The electricity sector will play an increasingly expanded and central role in any net-zero emissions energy system (Figure 7.1). It is therefore critical that any model charting pathways to decarbonize the economy accurately captures the dynamics of the electricity sector, the electrification of end uses like transportation and heating, and electricity’s use to produce intermediate fuels like hydrogen or synthetic liquid fuels. MACRO is thus an “electricity-centric” model, featuring an unprecedented level of temporal granularity in an economywide, macro-energy systems model. This high resolution is critical for accurately planning and ensuring reliable electricity supplies in power systems with high shares of variable, weather-dependent renewable energy sources like wind and solar power.

 

Figure 7.1.
A Sankey diagram shows flows of energy across a net-zero emissions U.S. economy in 2050, highlighting the central role of the electricity sector and high degree of coupling across and between sectors (Larson et al., 2021).

 

Traditional macro-energy systems optimization models are formulated as a single monolithic optimization problem, or linear programming problem. Unfortunately, the computational requirements of such models, including computing time and memory requirements, scale non-linearly with the size and complexity of the model. This has severely limited previous published analyses, forcing them to represent the electricity sector in a highly simplified manner, by ignoring key technical constraints or operational dynamics. Computational constraints have also caused previous studies to model only a small subset of hours or days in the year (e.g., 20-40 ”representative days”) to try to represent electricity system operations. These abstractions have been necessary to keep traditional models computationally tractable, but can significantly bias results. Any inaccuracy in the representation of the electricity sector will ripple across all other sectors, given the myriad interactions between electricity and other energy networks and industries in a decarbonizing future.

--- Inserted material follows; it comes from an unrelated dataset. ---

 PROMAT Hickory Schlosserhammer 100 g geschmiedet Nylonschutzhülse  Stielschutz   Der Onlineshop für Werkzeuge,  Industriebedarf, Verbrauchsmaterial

Overcoming these limitations demands new techniques to dramatically improve the computational performance of macro-energy systems optimization models. ZERO Lab has worked for several years on mathematical “decomposition methods” that exploit our detailed knowledge of the specific structure of these models. The strategy is to decompose large-scale problems into numerous smaller subproblems and enable better exploitation of parallel supercomputing capabilities and the application of custom methods that can substantially reduce computational time (Jacobson et al., 2023). The new methods ensure that the computational time scales linearly (rather than quadratically) with temporal resolution while enabling calculations of optimal discrete infrastructure investment and retirement decisions with effectively no increase in computational time. This latter capability is important to capture economies of unit scale in energy systems infrastructure (e.g., transmission lines, pipelines, industrial facilities), which is typically intractable in any other macro-energy systems planning model.

Development of MACRO leverages ZERO Lab’s expertise building GenX, a best-in-class, well-established open-source electricity system planning model.1 The tool will also incorporate development of novel formulations informed by detailed engineering process simulations and technoeconomic analyses. The aim is to represent a richer set of technologies and strategies to decarbonize industrial processes such as iron and steel, cement, chemicals and fuels, and industrial process heat requirements that are currently absent from most models.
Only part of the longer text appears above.